Misbach bermain seruling diiringi sendaren. (Foto : dokumen pribadi).

“Secara ekologis Sendaren bisa mengusir hama, ramah lingkungan,” kata Misbach. Sehingga petani tak lagi membutuhkan pestisida untuk mengusir hama dan penyakit. Sendaren sebagai pengusir hama telah diterapkan di areal pertanian tanaman padi di Pacitan.

Setiap hektare dipasang 10 tiang, masing-masing tiang terdiri dari lima Sendaren. Saat angin bertiup sendaren berbunyi merdu, sehingga hama tanaman padi seperti tikus dan burung takut. Hasilnya, produksi padi lebih banyak 40 persen. “Petani tak perlu bergantung pestisida,” ujarnya.

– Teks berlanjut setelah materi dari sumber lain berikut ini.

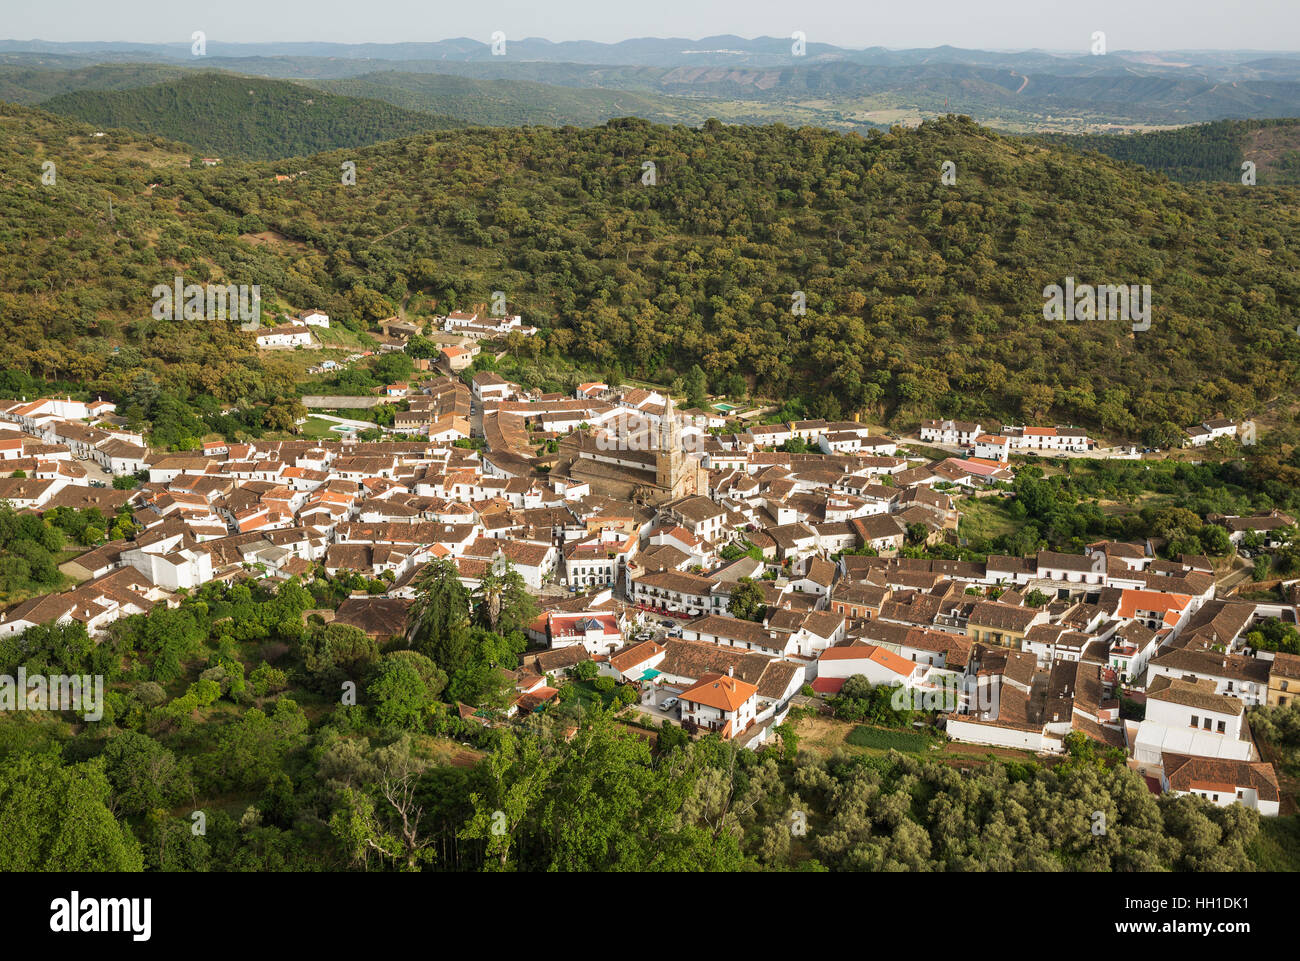 Village Alajar, Sierra de Aracena, Huelva province, Andalusia, Spain Stock Photo

Pria kelahiran Pulau Selayar, Sulawesi Selatan ini beberapa kali menampilkan musik angin atau Indonesia wind harp dengan koreografer yang menarik. Sendaren dimainkan dengan gerak seperti menebas alang-alang dan mendayung. Gerak atau koreografi ini diciptakan dari riset jika warga Sulawesi selain melaut juga bertani.

Kesenian ini digarapnya saat menempuh pendidikan seni di Institut Seni Indonesia Surakarta. Dia juga membuat pelatihan membuat sendaren dan mengajak masyarakat untuk memainkan alat musik bunyi ini dengan suka cita. Musik angin bernyanyi terasa suasana alam yang indah dan merdu.